_GOAL OF THE EXERCISE_: In the listing below, find the line that contains "Maglione con scollo" and the line that contains "nicaragua_skoleklasse_med_glade_boern_og_tv.jpg". Quote both and every line between them, exactly, and nothing more.

_PROVIDED INFORMATION_:

□ □ □ □ □ □ □

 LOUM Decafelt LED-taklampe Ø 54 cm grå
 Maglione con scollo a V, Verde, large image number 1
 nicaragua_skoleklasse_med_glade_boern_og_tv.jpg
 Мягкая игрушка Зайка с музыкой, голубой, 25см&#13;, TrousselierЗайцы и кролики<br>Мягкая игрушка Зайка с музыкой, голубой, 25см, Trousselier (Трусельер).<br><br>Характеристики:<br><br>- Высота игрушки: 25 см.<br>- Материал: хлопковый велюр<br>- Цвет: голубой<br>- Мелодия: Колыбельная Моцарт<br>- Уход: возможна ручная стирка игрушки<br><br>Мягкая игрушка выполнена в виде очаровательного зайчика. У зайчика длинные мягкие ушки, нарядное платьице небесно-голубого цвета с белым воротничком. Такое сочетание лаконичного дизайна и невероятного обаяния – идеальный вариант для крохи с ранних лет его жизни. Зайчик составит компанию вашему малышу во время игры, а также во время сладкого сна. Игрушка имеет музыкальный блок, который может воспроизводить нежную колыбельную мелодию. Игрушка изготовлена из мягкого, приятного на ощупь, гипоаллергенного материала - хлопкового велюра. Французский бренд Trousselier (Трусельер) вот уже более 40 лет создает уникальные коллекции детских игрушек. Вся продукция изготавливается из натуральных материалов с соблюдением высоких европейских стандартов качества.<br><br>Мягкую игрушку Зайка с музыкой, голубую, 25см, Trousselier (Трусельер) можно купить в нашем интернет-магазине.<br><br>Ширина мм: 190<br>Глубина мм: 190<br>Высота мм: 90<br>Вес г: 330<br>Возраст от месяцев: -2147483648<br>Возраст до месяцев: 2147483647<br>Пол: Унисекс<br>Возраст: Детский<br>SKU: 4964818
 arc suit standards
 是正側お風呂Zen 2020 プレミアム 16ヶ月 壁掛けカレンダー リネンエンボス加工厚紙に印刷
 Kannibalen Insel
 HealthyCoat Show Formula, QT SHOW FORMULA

□ □ □ □ □ □ □

_WRITTEN REPLY_:
 Maglione con scollo a V, Verde, large image number 1
 nicaragua_skoleklasse_med_glade_boern_og_tv.jpg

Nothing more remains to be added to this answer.